The International Association for the Study of Popular Music-United States chapter invites proposals for its 2019 conference. The meeting, which will take place in New Orleans, Louisiana, March 7-10, 2019, will feature the theme “Musical Cities: Music, Historiography, and Myth.” We welcome proposals for individual papers and panels (up to four individuals) on any aspect of popular music, especially proposals on the musical cultures of New Orleans; music in and of the global and local South; and music and race and resistance.
Subtopics might include
• Cities, music, and race
• Musical legends and apocrypha
• Specific cities as places of musical genre origin
• Space and place in music-making
• New Orleans as a site of resistance, rebuilding, reconstruction, and gentrification
• Intersectionality in musical cultures
• Music and historiography in the context of global and local Souths
• Religion and spirituality in musical cultures
IASPM-US is an interdisciplinary organization and is eager to include work not just from ethno/musicologists and other music scholars, but also work from a wide variety of viewpoints, including those of scholars of race, religion, sexuality, gender, geography, folklore, history (including archaeology, military history, oral history, public history, intellectual history, micro history and all other disciplines), ethnography, comparative literature, Francophone and Hispanophone studies, Latin America, law, education, esotericism, area studies, and other relevant areas.

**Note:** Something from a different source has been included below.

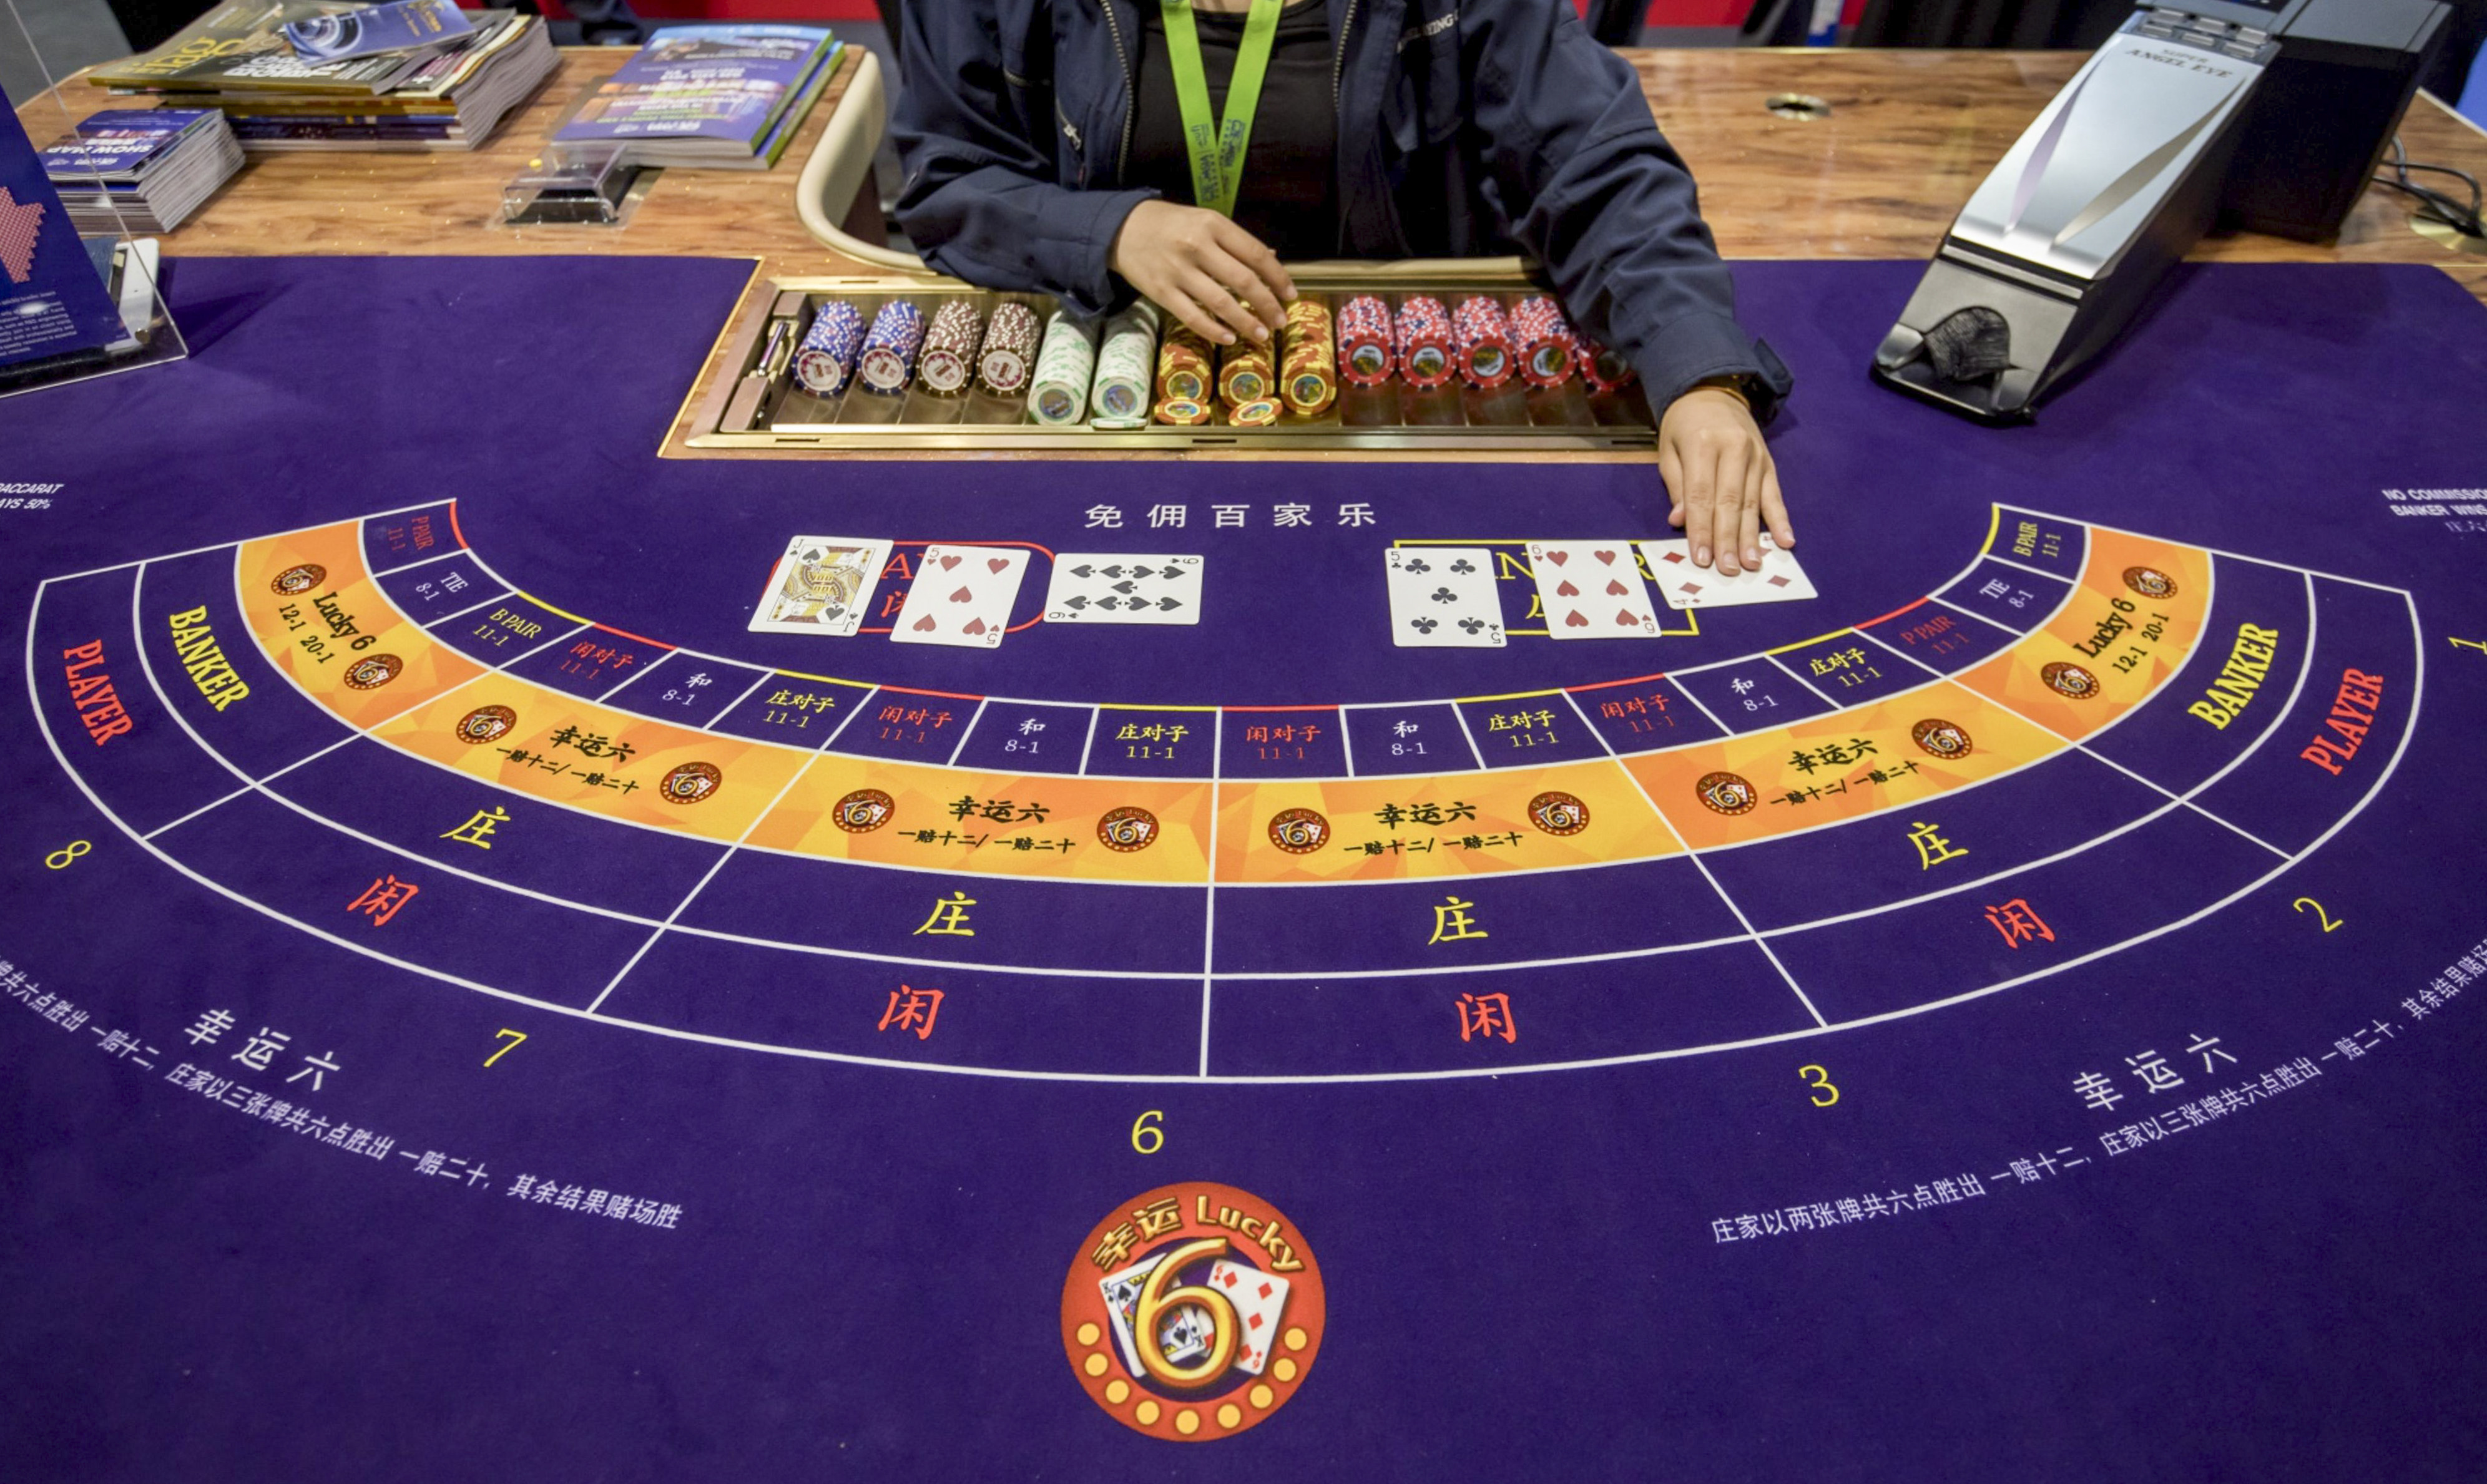 Are Macau's days as a global gambling hub numbered? Casino capital faces drastic upheaval as China tightens its grip | South China Morning Post

This year’s program committee consists of Kendra Preston Leonard (chair), John Dougan, Murray Forman, Shana Goldin-Perschbacher, Anthony Kwame Harrison, and Jennifer Stoever.

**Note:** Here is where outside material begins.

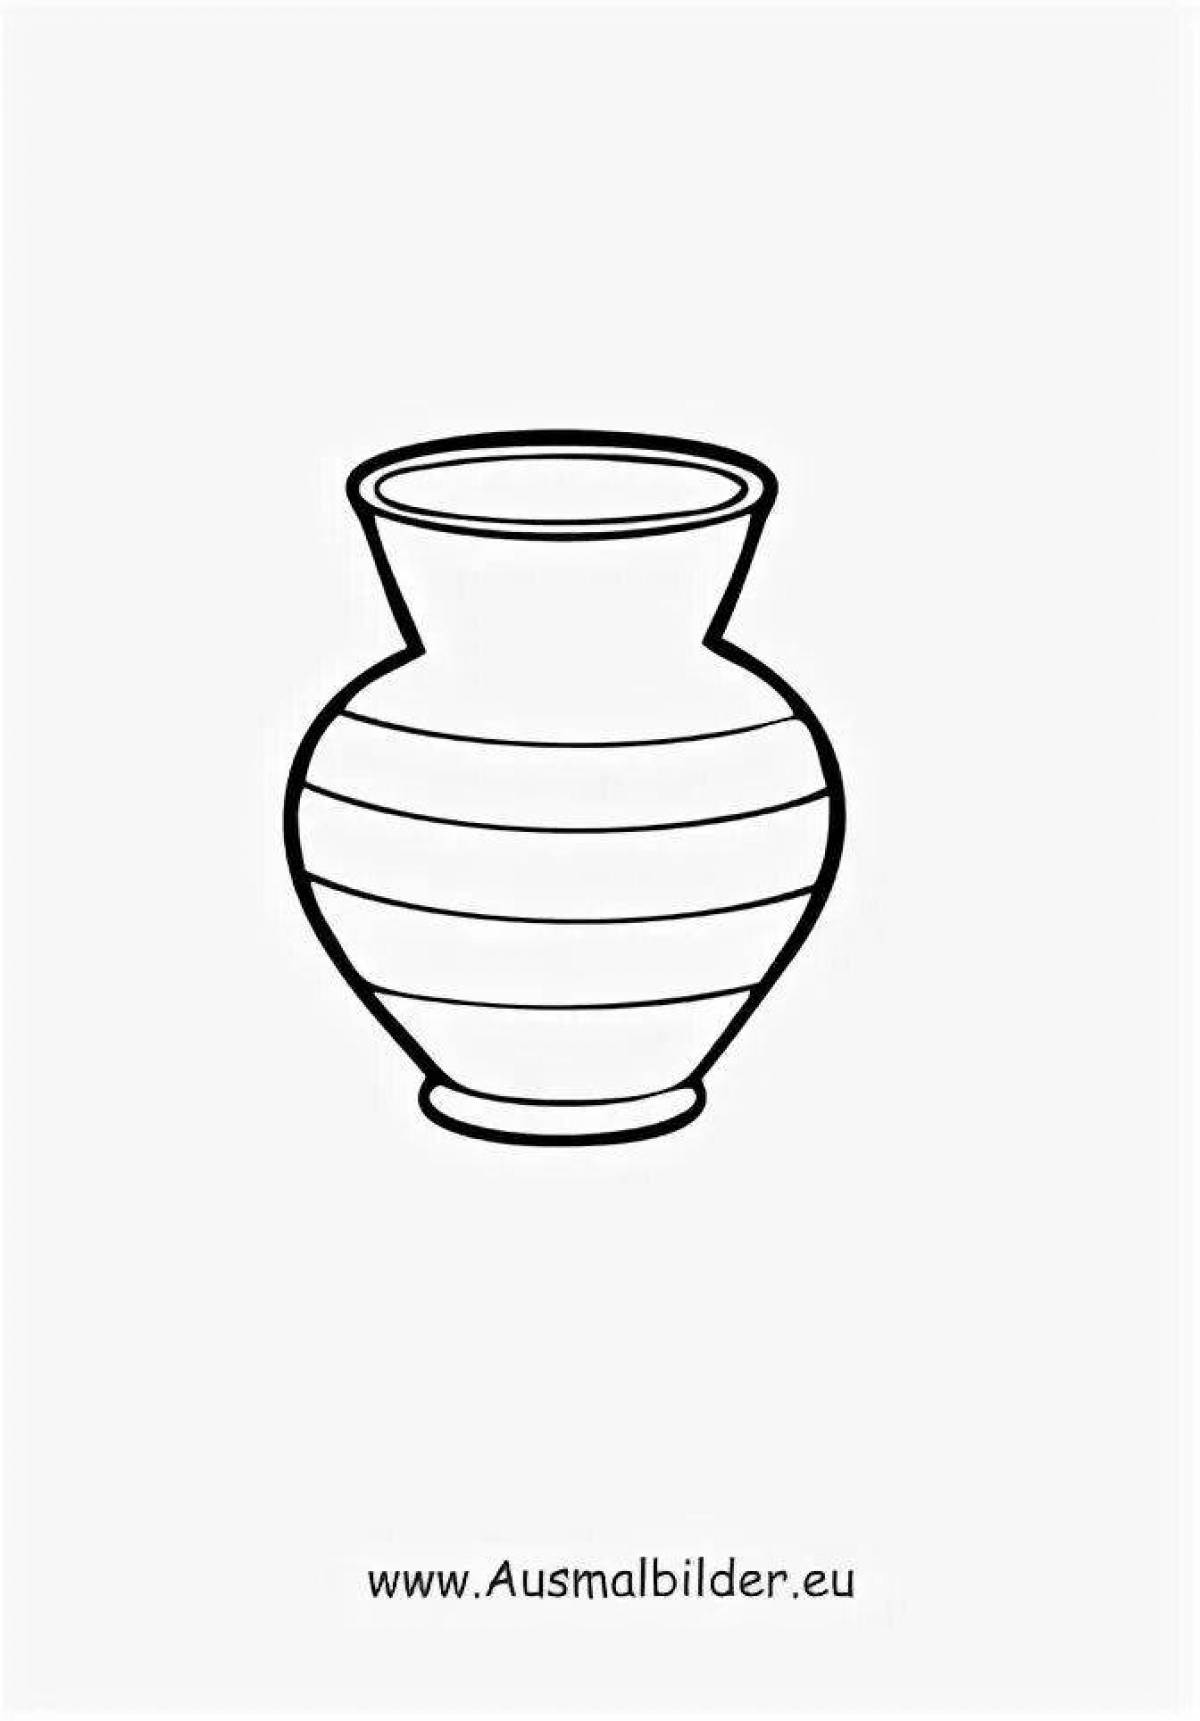 Exciting vase coloring for kids

All presentations are limited to 20 minutes. Submit an abstract of no more than 250 words no later than October 1, 2018. Individual abstracts should identify the methodology used, state the paper’s goals, summarize the context and argument of the paper, and include a brief conclusion. Panel abstracts should include a 250 description of the panel’s rationale and goals and a 250-word abstract for each individual participating in the panel. Abstracts must be anonymous and not include the submitter’s identity or references that could lead to the revealing of their identity; abstracts not adhering to the word count will not be considered.